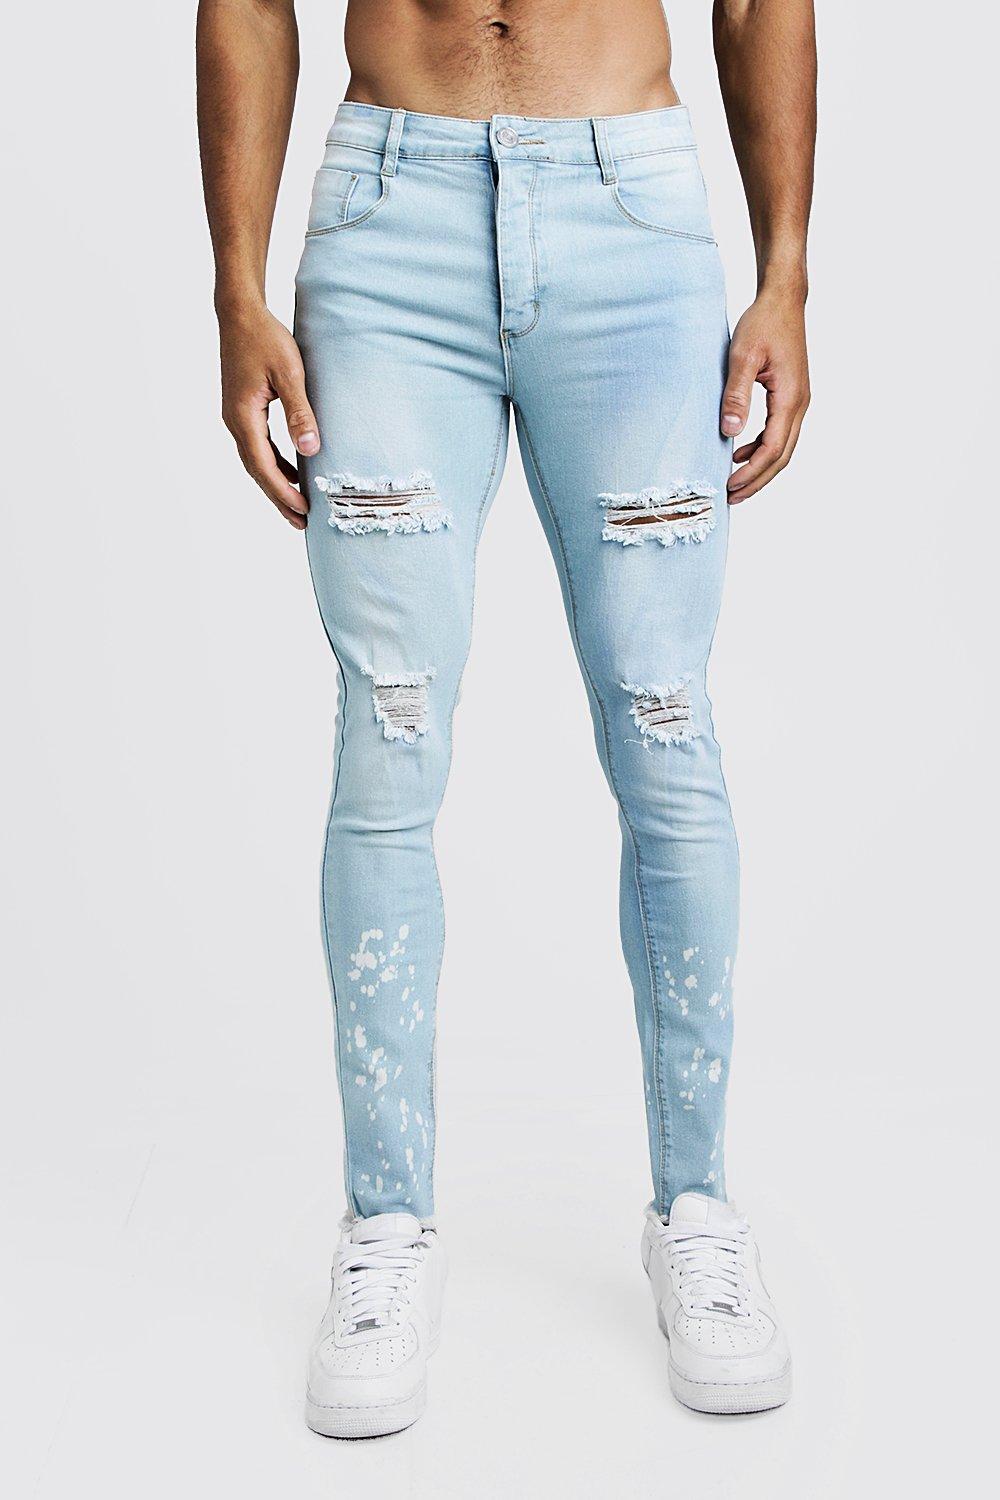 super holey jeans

...

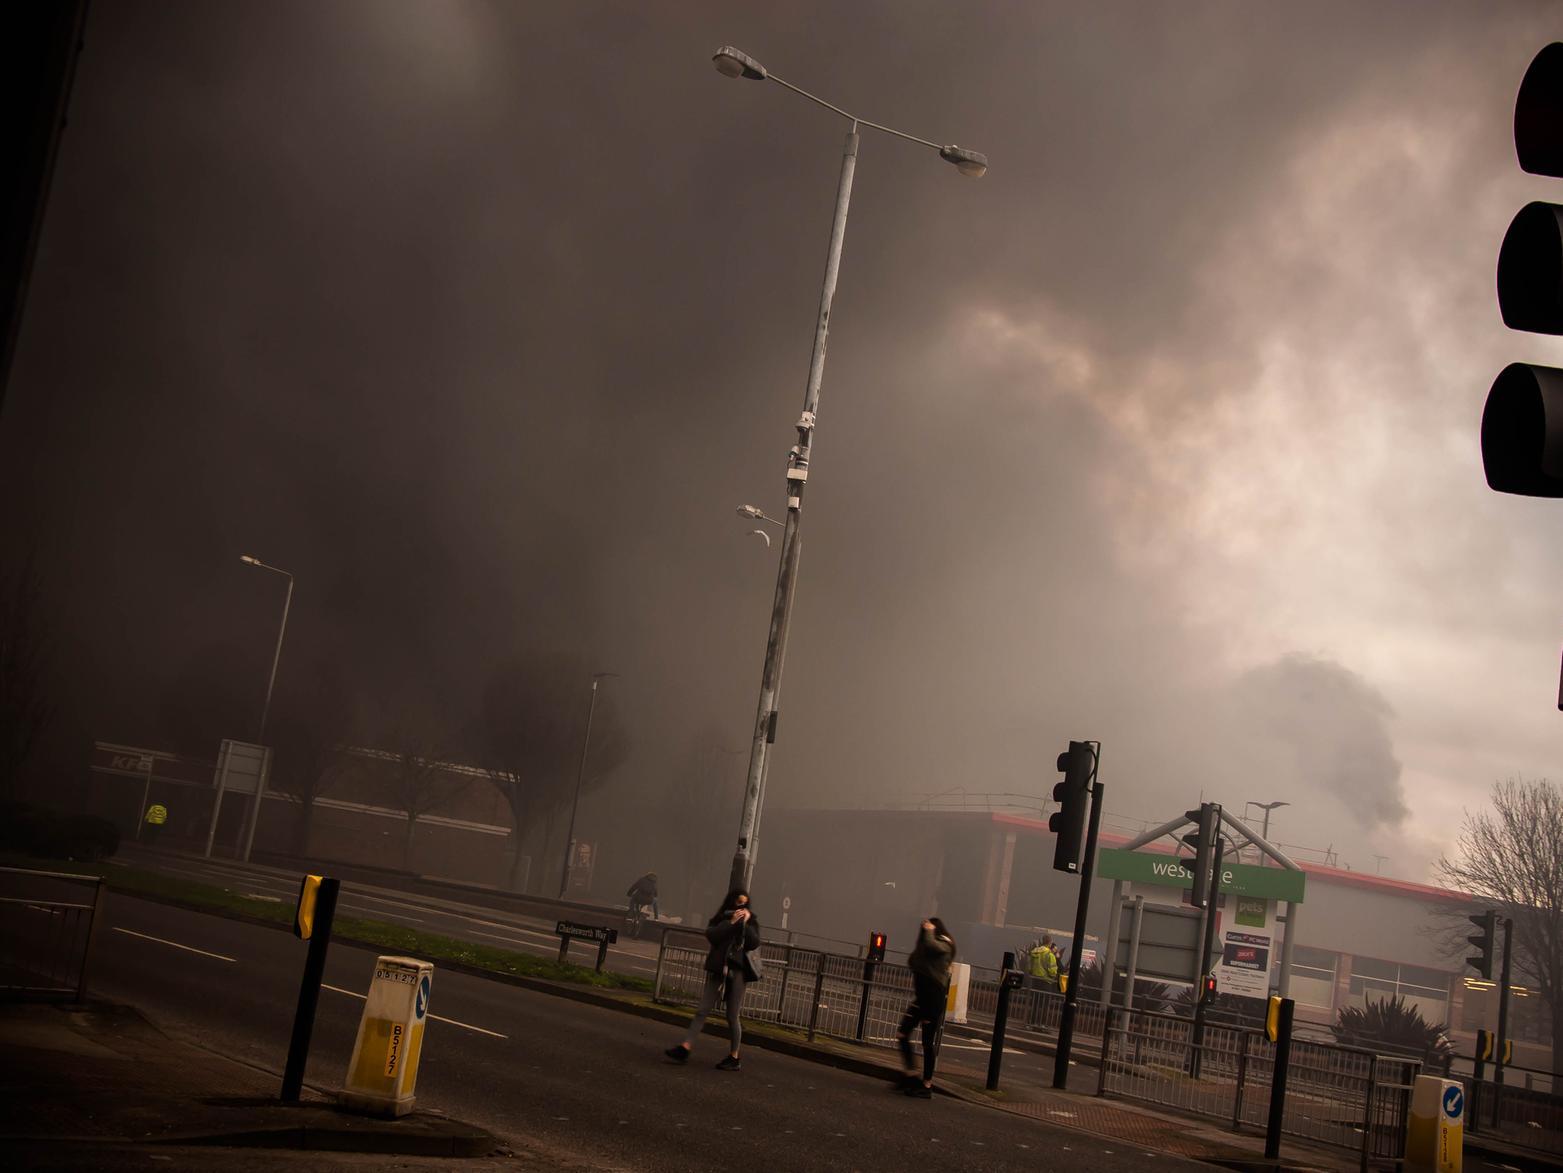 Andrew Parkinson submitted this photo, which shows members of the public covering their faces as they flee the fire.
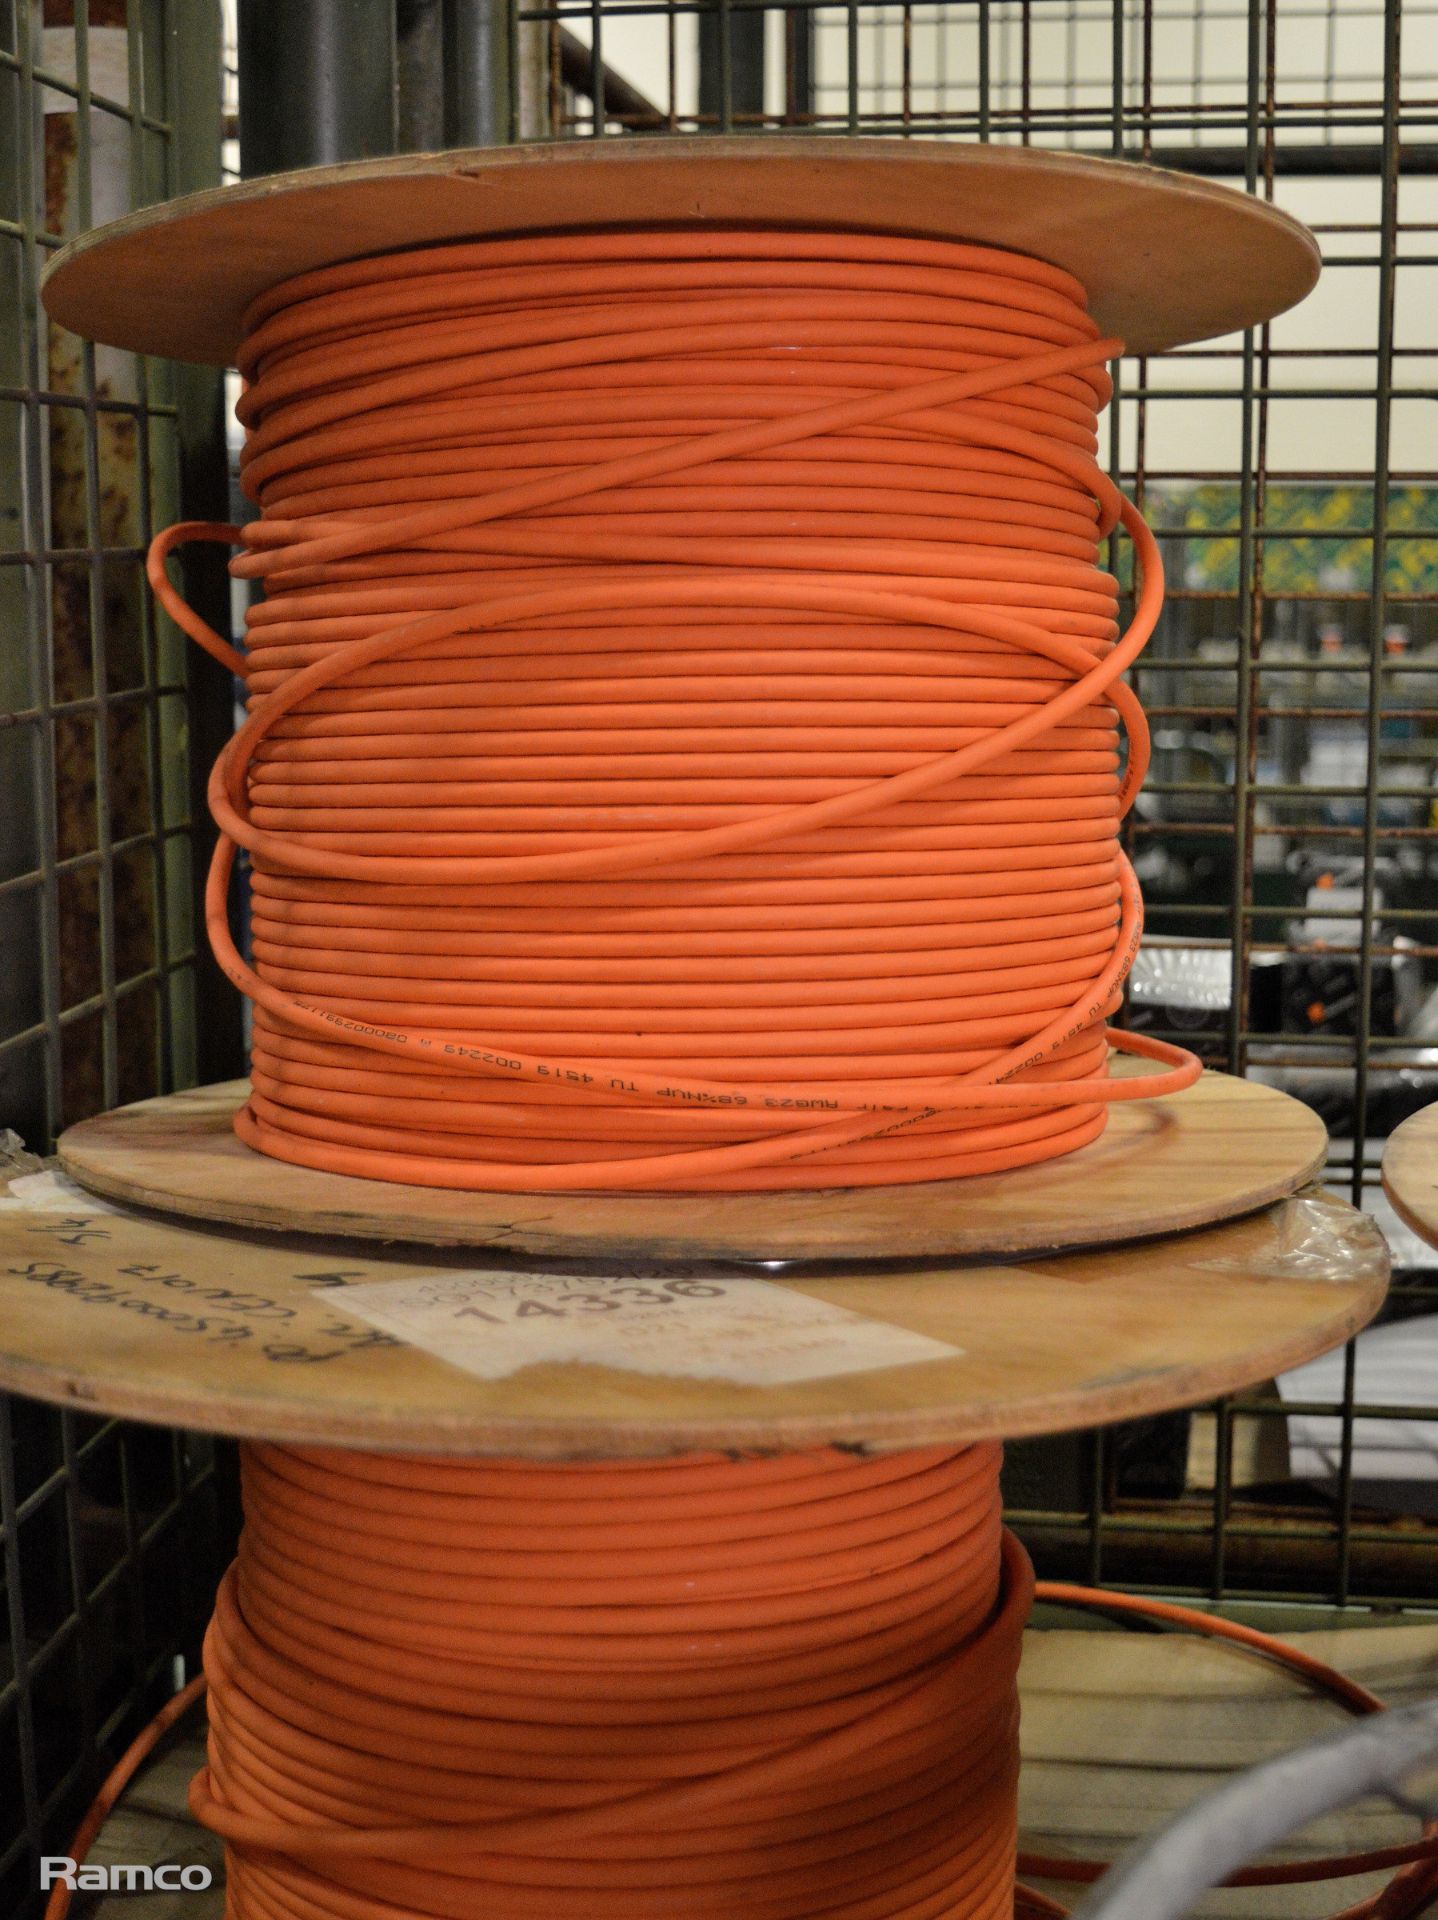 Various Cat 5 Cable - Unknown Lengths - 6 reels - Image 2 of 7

==

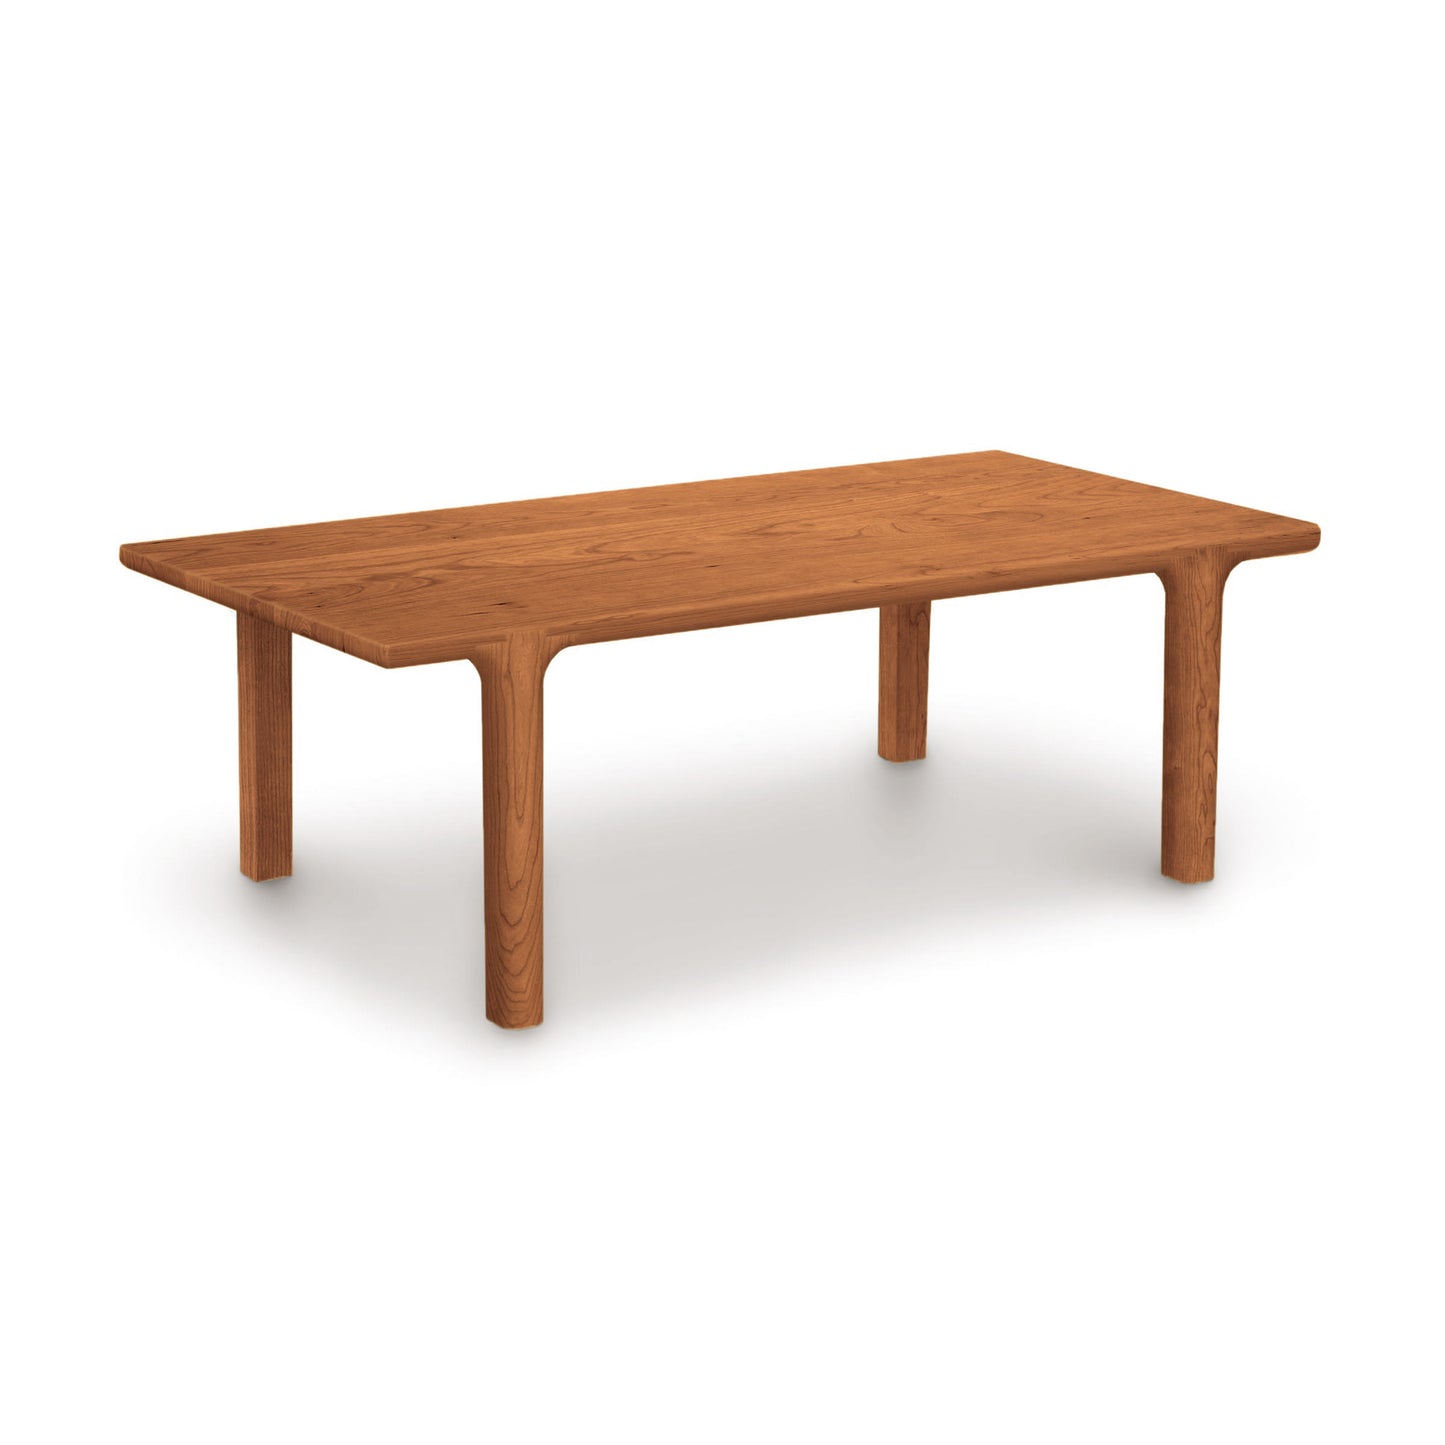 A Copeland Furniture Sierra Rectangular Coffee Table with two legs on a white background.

▶ TASK BRIEF
A word-for-word reproduction is needed of the lines above from the line containing "Andrew Parkinson submitted" through the line containing "Various Cat 5", with both ends kept and no pictures.

▶ EXERCISE OUTPUT
 Andrew Parkinson submitted this photo, which shows members of the public covering their faces as they flee the fire.
 Various Cat 5 Cable - Unknown Lengths - 6 reels - Image 2 of 7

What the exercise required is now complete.